About this task: An exact copy of the data is needed, one that excludes all pictures.
[Provided material]
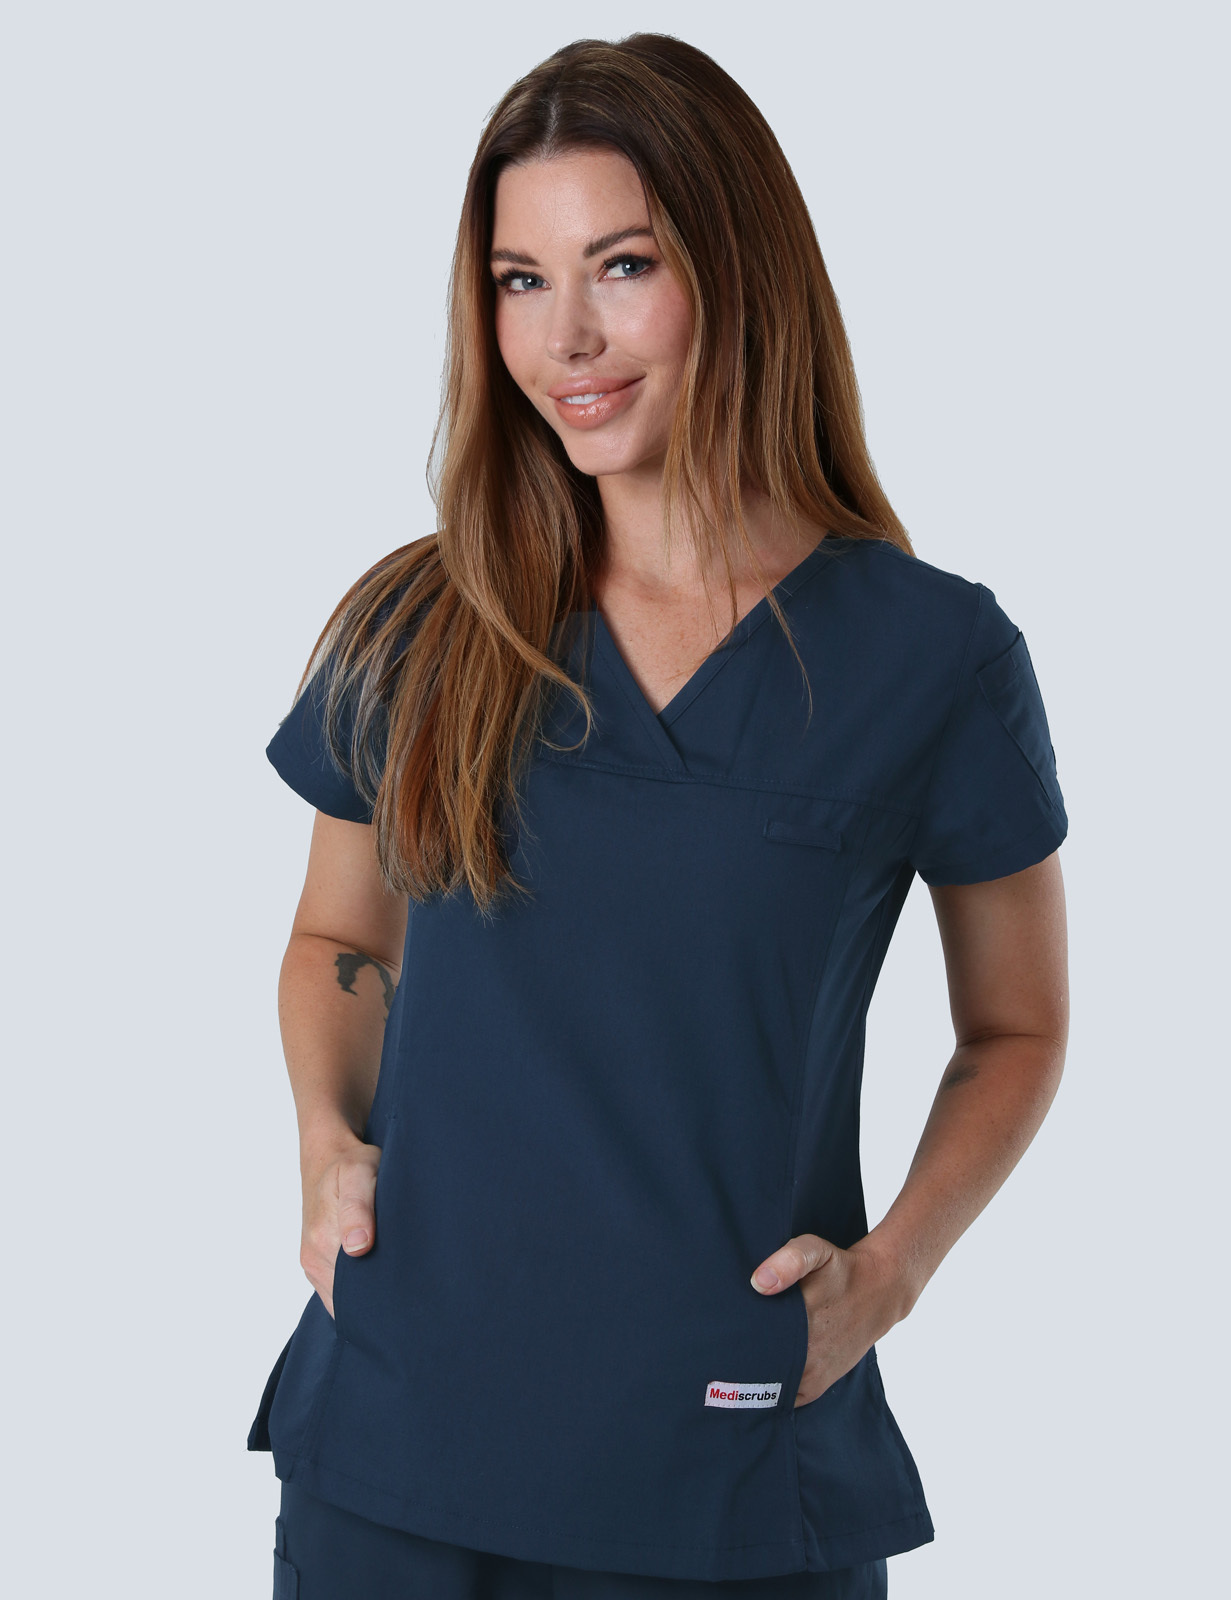 Peninsula Health Frankston - AAAU Nurse (Women's Fit Solid Scrub Top in Navy incl Logos)
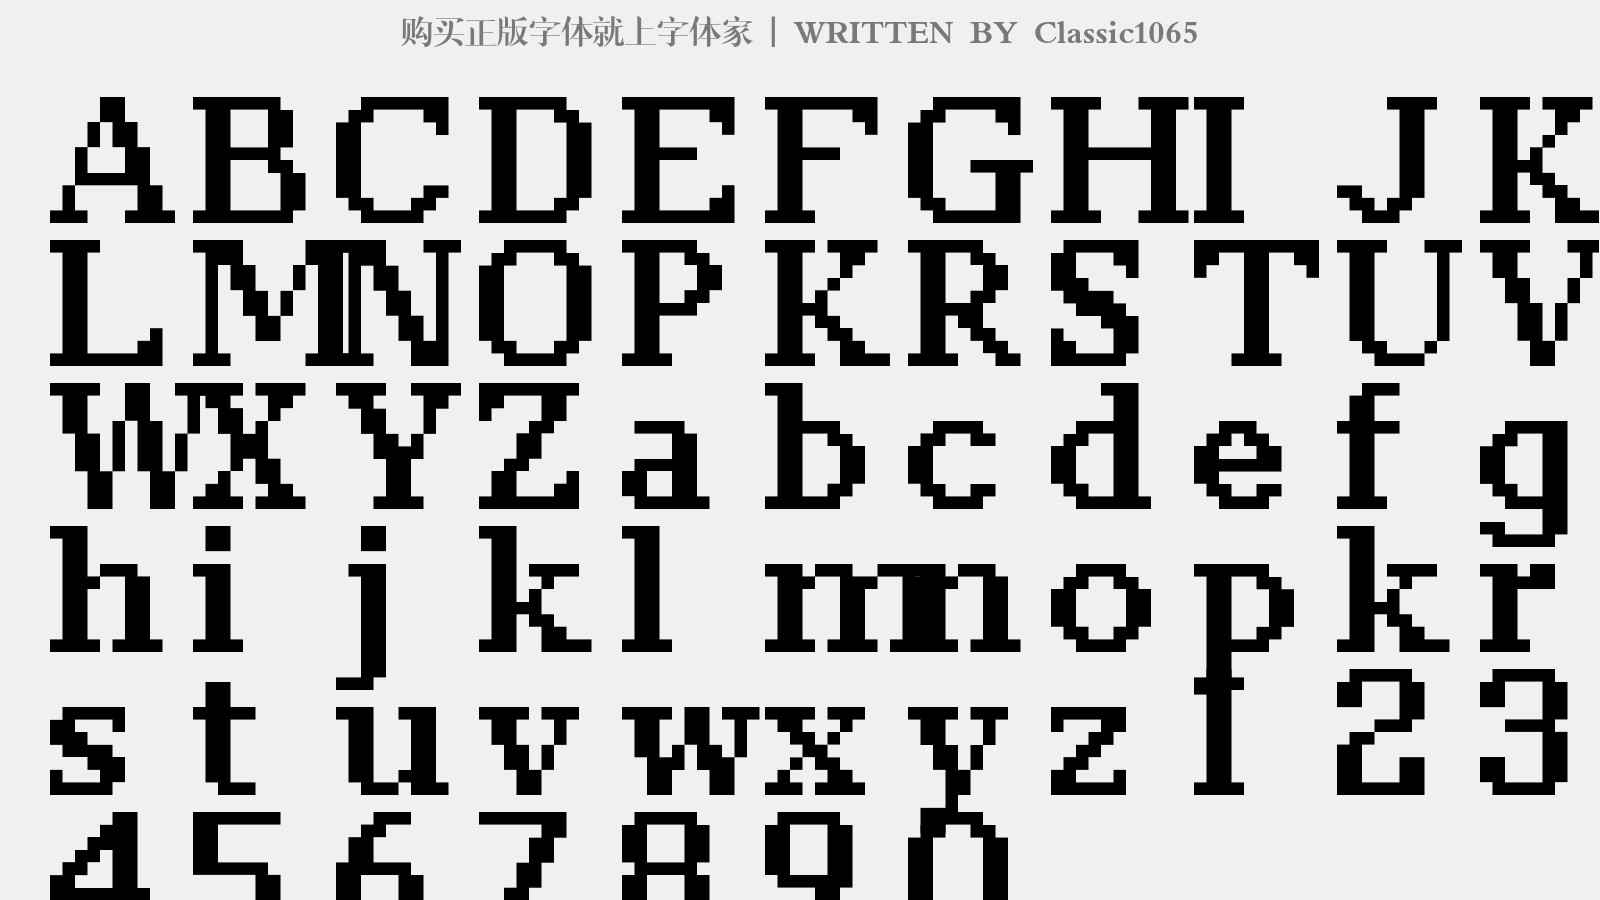 Classic1065 - 大写字母/小写字母/数字
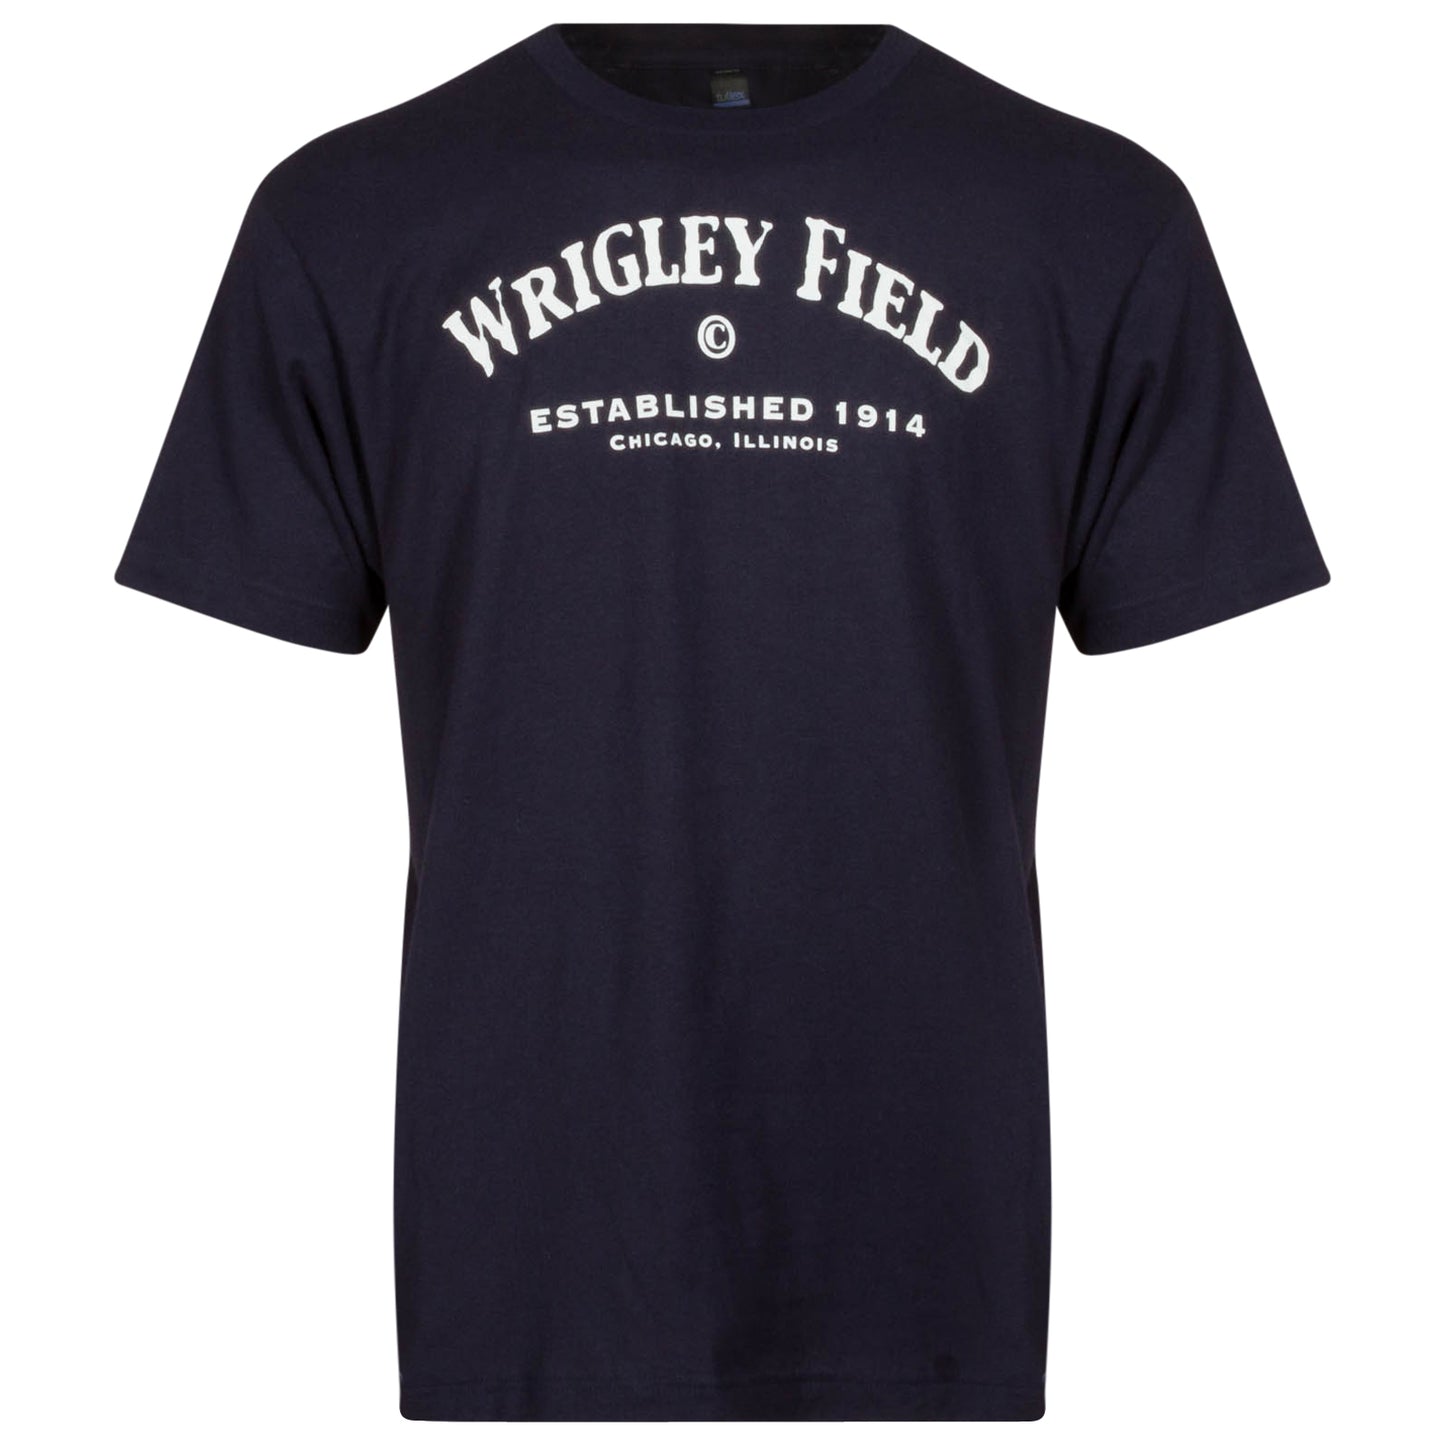 Wrigley Field Chicago Established 1914 Fancy Mens T-Shirt
[/Provided material]
Answer section:
 Peninsula Health Frankston - AAAU Nurse (Women's Fit Solid Scrub Top in Navy incl Logos)
 Classic1065 - 大写字母/小写字母/数字
 Wrigley Field Chicago Established 1914 Fancy Mens T-Shirt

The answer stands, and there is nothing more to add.